**Supplied entries:**
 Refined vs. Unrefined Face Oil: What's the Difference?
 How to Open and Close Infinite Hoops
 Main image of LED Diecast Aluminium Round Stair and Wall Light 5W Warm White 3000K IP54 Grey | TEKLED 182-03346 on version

---

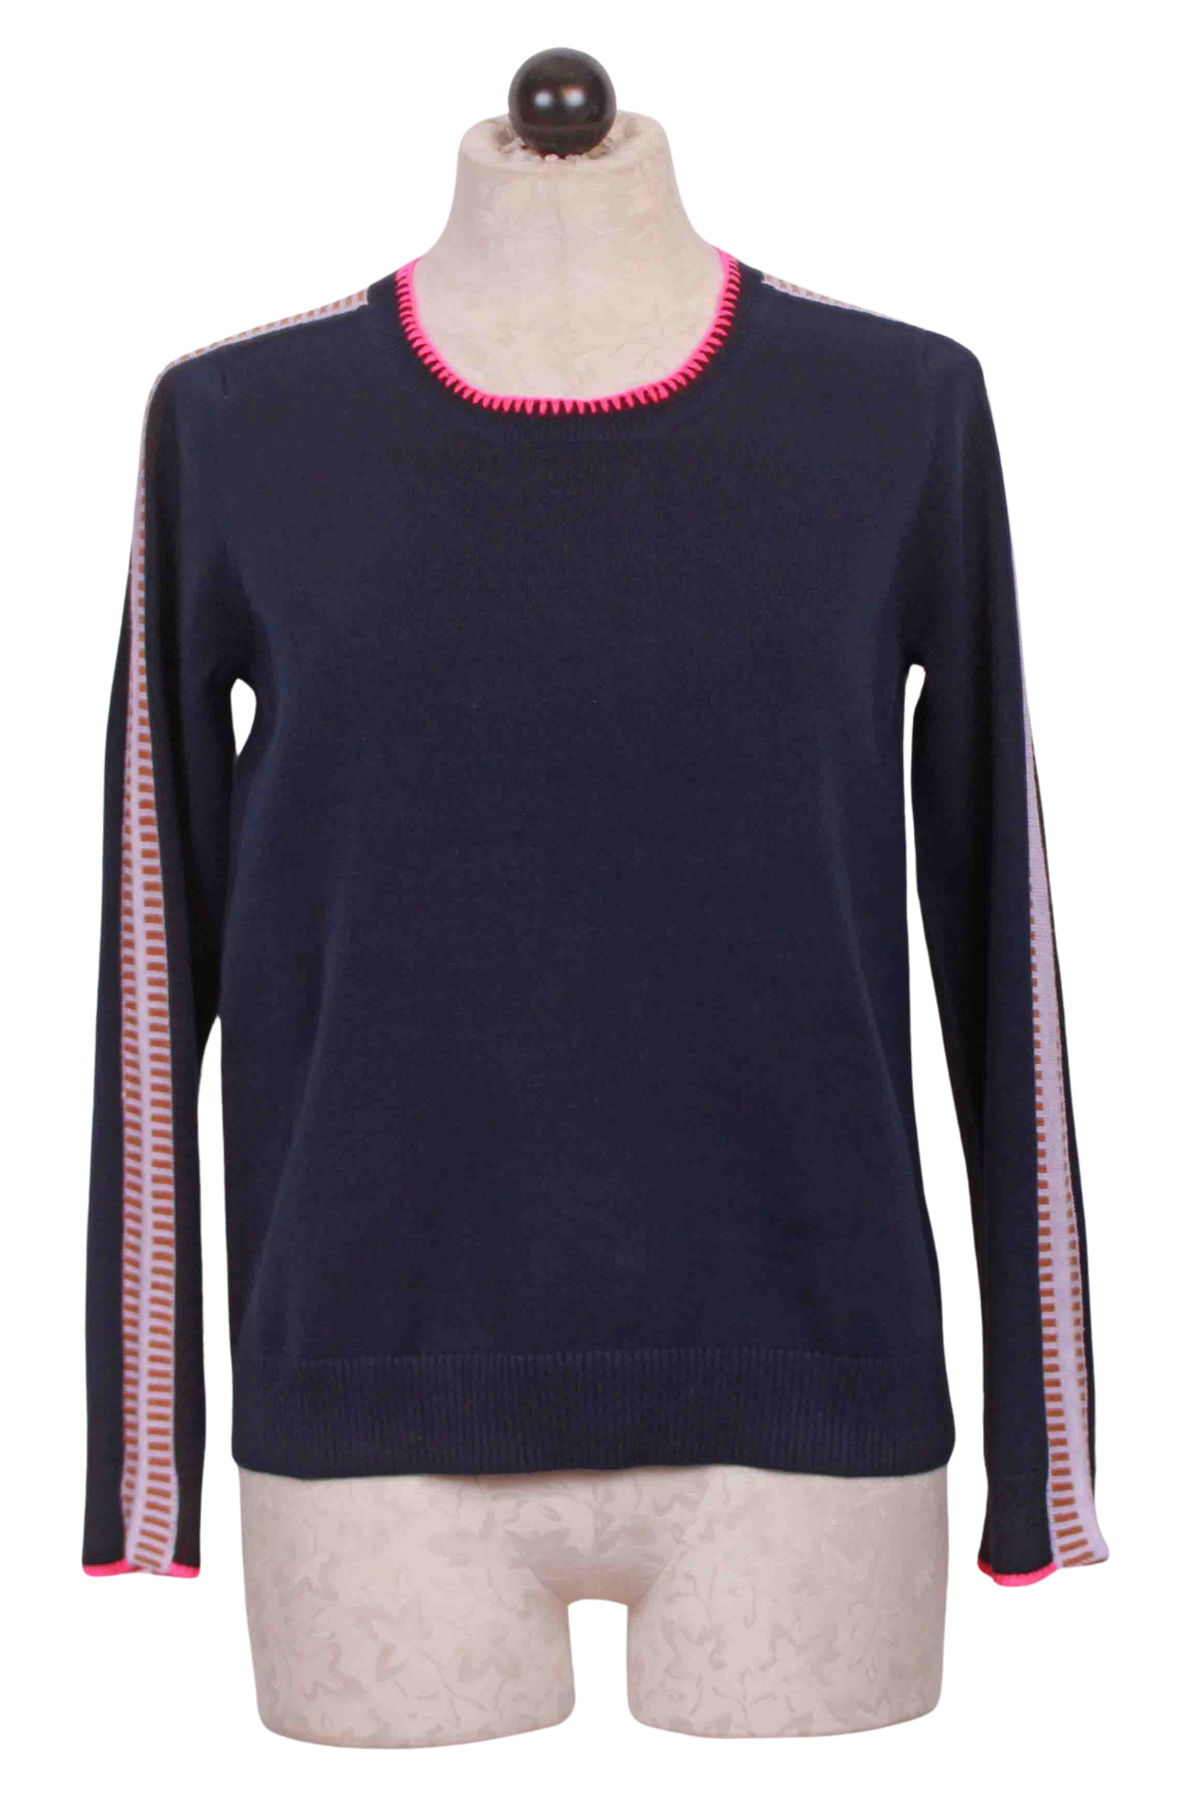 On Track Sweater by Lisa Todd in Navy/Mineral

**Your instructions:** Could you restate, word for word, the lines above from the one with "Refined vs. Unrefined" to the one with "Main image of", both included?

**Answer to this problem:**
 Refined vs. Unrefined Face Oil: What's the Difference?
 How to Open and Close Infinite Hoops
 Main image of LED Diecast Aluminium Round Stair and Wall Light 5W Warm White 3000K IP54 Grey | TEKLED 182-03346 on version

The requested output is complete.